Treaty/Settler Education


It is so unfortunate that many teachers and students did not see the value in learning about Treaties and Indigenous ways of knowing. This is sadly a too common scenario both in schools where there are Indigenous students and schools where there are no Indigenous students, though certainly more common in schools with a lower Indigenous population. Cynthia Chambers states that she doesn’t “want to take for granted this opportunity I have been given to live differently than my ancestors.” (Pg 35) Our ancestors ignored the people who were here before they came and all of us now suffer the consequences of their near-sighted and selfish perspectives. If we fail to look beyond our own wants and needs, we would be making the same mistake and not only hurting the Indigenous people but also ourselves as we are, as Chambers says, all Treaty people. We must understand the responsibility that comes with being a part of the treaties if we want to make Canada a better place for all to live in. We must also look to the spirit and intent of the Treaties if we are to truly understand the commitment we have made as Canadians.

Claire talks about how Treaty education/Settler Ed is critical for non-indigenous students as many Indigenous students already know about Treaties and way of life. Non-indigenous students need that knowledge as it has been left unsaid or even spoken against. Her ideas and work into the Treaty education is inspirational.

It seems like an important place to begin is at an understanding of who we are, where we live, who lived there first, and that we are a part of a contract called Treaties. This is at the foundation of learning Treaty education and being able to go deeper.

Cynthia Chambers:

Treaty Education Outcomes and Indicators:


4 Replies to “Treaty/Settler Education”

  1. Hi Jen! I really appreciate your quote from Cynthia Chambers about living differently than our ancestors. I know sometimes we find it difficult to see our ancestors’ selfishness. Those of us who come from settler backgrounds, myself included, can get caught thinking that our ancestors were justified in coming over because of the injustices and oppression they were also experiencing in their native lands. We also like to think that they were none the wiser of the Indigenous peoples, but logically, that cannot be true either unless it was intentional ignorance. Where our ancestors failed, it is now up to us to mend the relationships that have been ignored for generations, and as Chambers said, we need to live better. Thanks for sharing!
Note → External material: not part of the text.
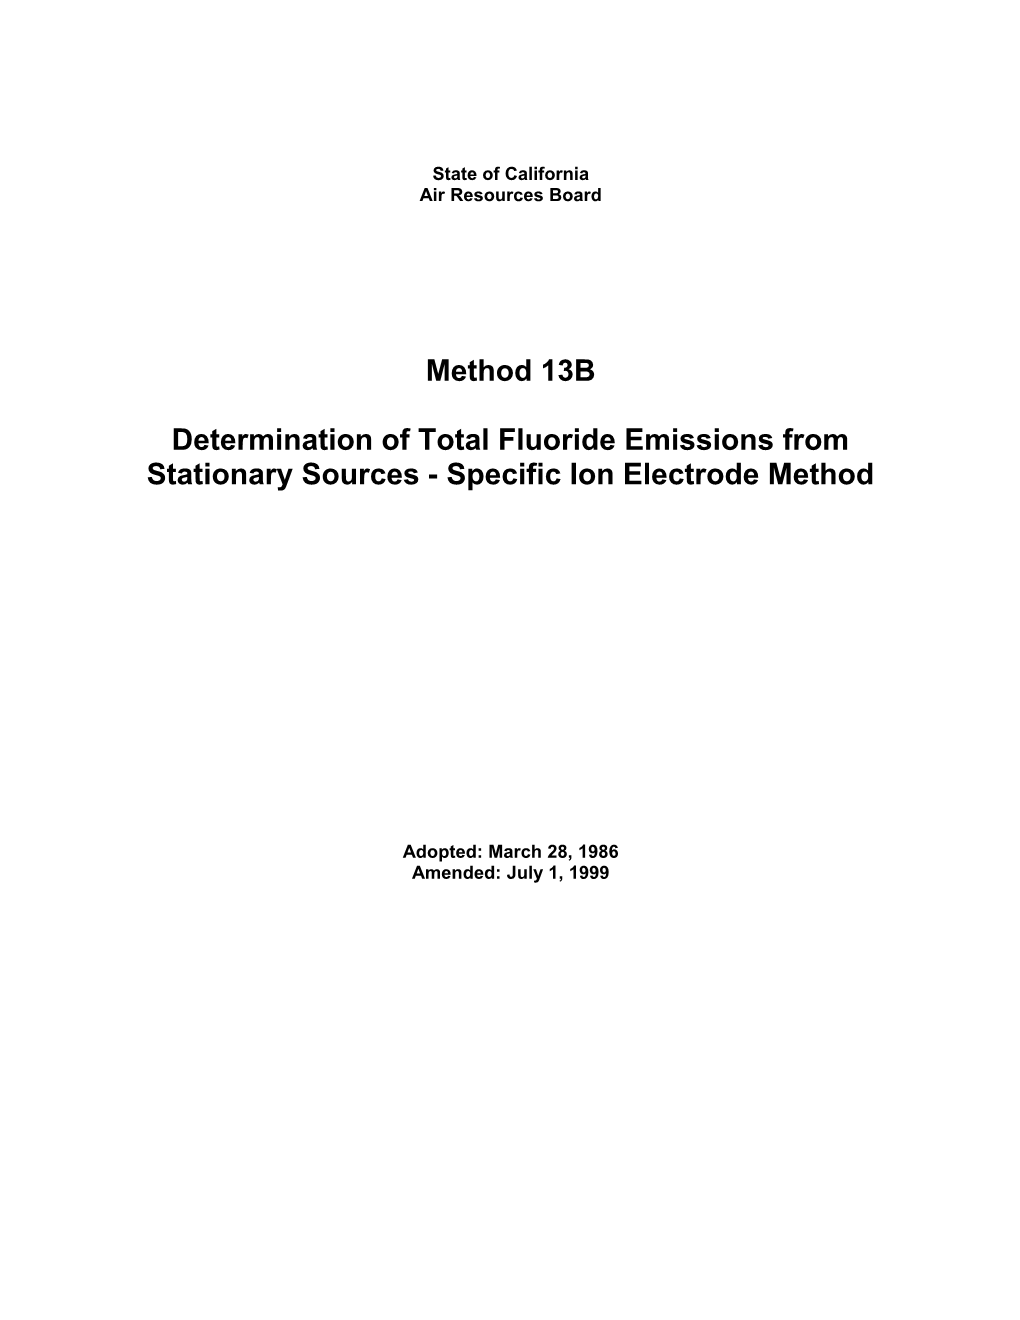 Test Method: Method 13B Determination of Total Fluoride Emissions from Stationary Sources

    1. Thank-you for your comment. It is really interesting and sobering to look at the injustices and oppression that are happening now as result of our ancestors immigrating here and not taking notice of whose land, life and culture were being destroyed as a result. It definitely pushes me to ask more questions and strive to live better.

  2. Jennifer

    Thank you for your thoughts on this topic, such an important conversation. Im curious how you would approach push back when teaching Treaty Ed and ways you envision authentically engaging with your classes. Something I am constantly considering myself.

    1. Riley,

      Thank-you for your comment. I would be clear that Treaty Education is mandated by the government and it is a vital part of our Canadian history. I would then work as hard as I could in helping the students see that it is relevant to their daily lives. This class has really emphasized that for me, in a very healthy way. Ways that I would try to help the students (and hopefully the staff) see the relevance is speaking about promises and commitments made to ourselves and the expectations that come from that. I would connect promises to treaties and the commitments on both sides. I would also incorporate learning about the land and the value it had and still has for the Indigenous people of Canada and how we have all benefited from use of the land that was not originally ours. Another topic that I would bring forward would the value of perspectives and seeing the whole picture, instead of just a piece.
      Hopefully in all of this students and other staff would engage and we could discover more together. Everyone might not, but hopefully most would at least have some new understandings.